The difference is that the Dataptr_or_null
method is guaranteed to not allocate
additional R memory. If you already have access to a contiguous chunk of memory,
then return that, otherwise return a null pointer, but this should never allocate.
The Dataptr
method is the big 🔨. Whatever your class has to do,
it must return a pointer to contiguous chunk of memory where the data is. We’ll illustrate
this better in another post, but in short if you already have that contiguous memory,
then return it, if not do whatever it takes, allocate if you have to, but eventually
get me that memory.
Dataptr
is what most ALTREP unaware (e.g. the constructor of Rcpp::NumericVector
or the
mean
function from base R) code will use.
ALTREAL methods
Eventually, methods specific to numeric vectors.
// the element at the index `i`
//
// this does not do bounds checking because that's expensive, so
// the caller must take care of that
static double real_Elt(SEXP vec, R_xlen_t i){
return Get(vec)[i];
}
// Get a pointer to the region of the data starting at index `i`
// of at most `size` elements.
//
// The return values is the number of elements the region truly is so the caller
// must not go beyond
static R_xlen_t Get_region(SEXP vec, R_xlen_t start, R_xlen_t size, double* out){
out = Get(vec).data() + start;
R_xlen_t len = Get(vec).size() - start;
return len > size ? len : size;
}
real_Elt
gives you the element at offset i
of the underlying object, here this
calls the std::vector<double>::operator[]
but you can imagine situations
where this is implemented differently, e.g. for 1:n
you can imagine this would just
return i+1
without having to rely on anything else.
Get_region
again is a bit more involved, so I’ll skip it too.
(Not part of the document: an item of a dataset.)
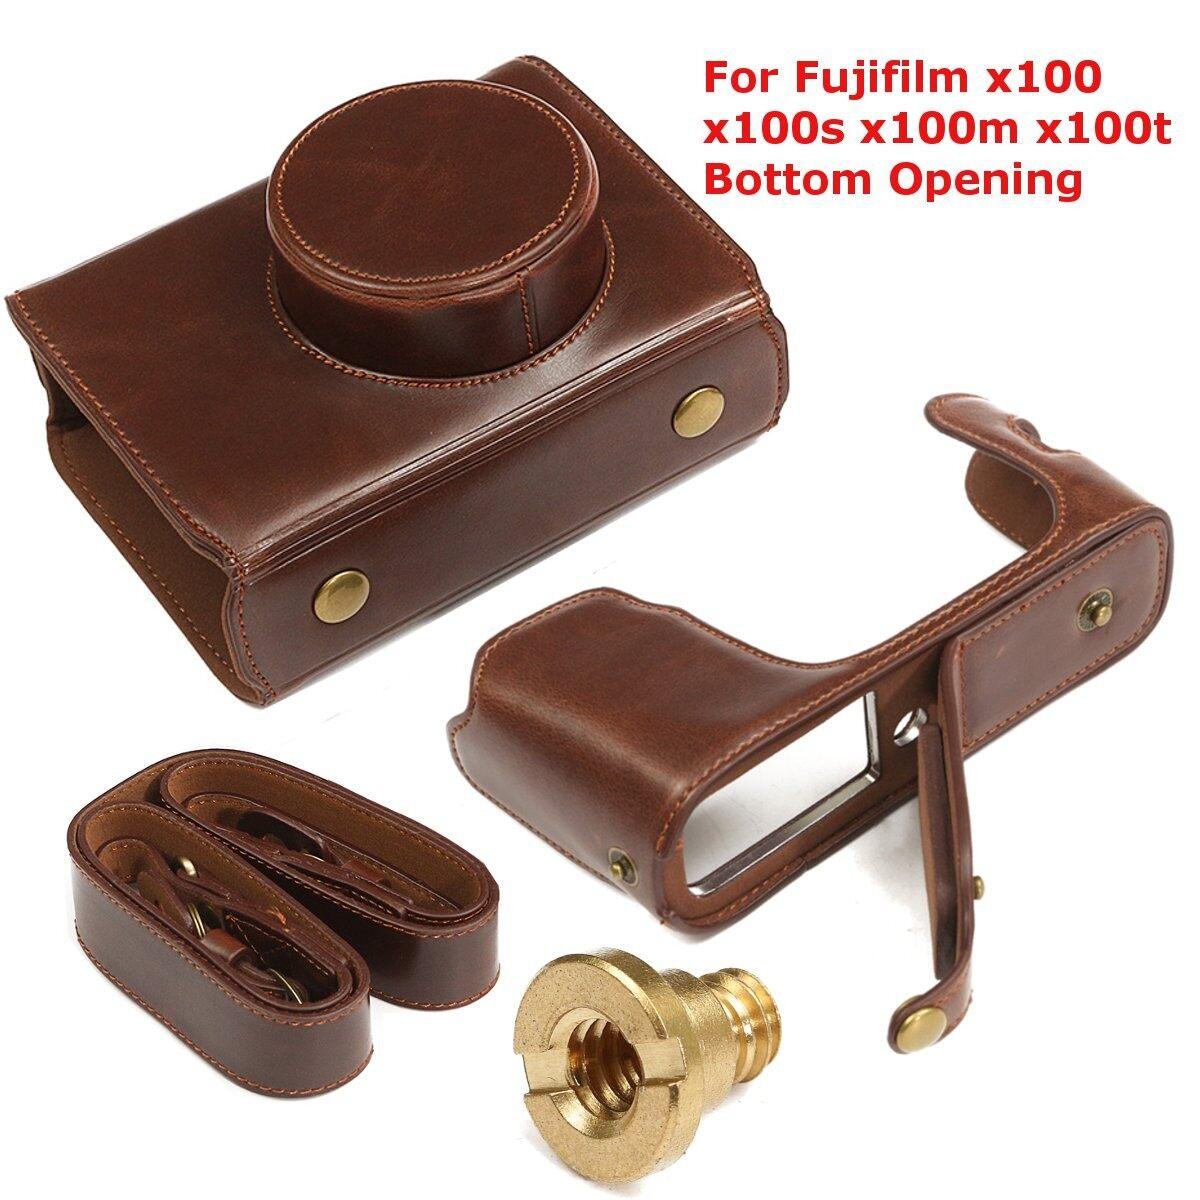 Giá Bao Da Túi Đựng Cover Dành Cho Máy Ảnh Fujifilm X100 X100S X100m X100T Đáy Mở

You can do what I do and guess
what it is supposed to do based on its name. There can be situations where you can have
access to contiguous memory for part of the vector.
What else to read
I’ll write some more about this in another post. In the meantime, here are a few pointers:
- Luke Tierney’s presentation about ALTREP.
- The ALTREP Examples organization on github hosts packages that showcase ALTREP. Most of what I did on altrepisode is inspired from the simplemmap 📦. The mutable 📦 is newer and easier to grasp.
- The altvecR 📦 from Simon Urbanek, which is a toy package that re-routes ALTREP/ALTVEC methods to R functions for experimentation.
- The actual ALTREP code, mainly lives in the altrep.c and Altrep.h files.
- My altrepisode. This contains the
stdvec_double
class described here and another class that I’ll discuss in a follow up post.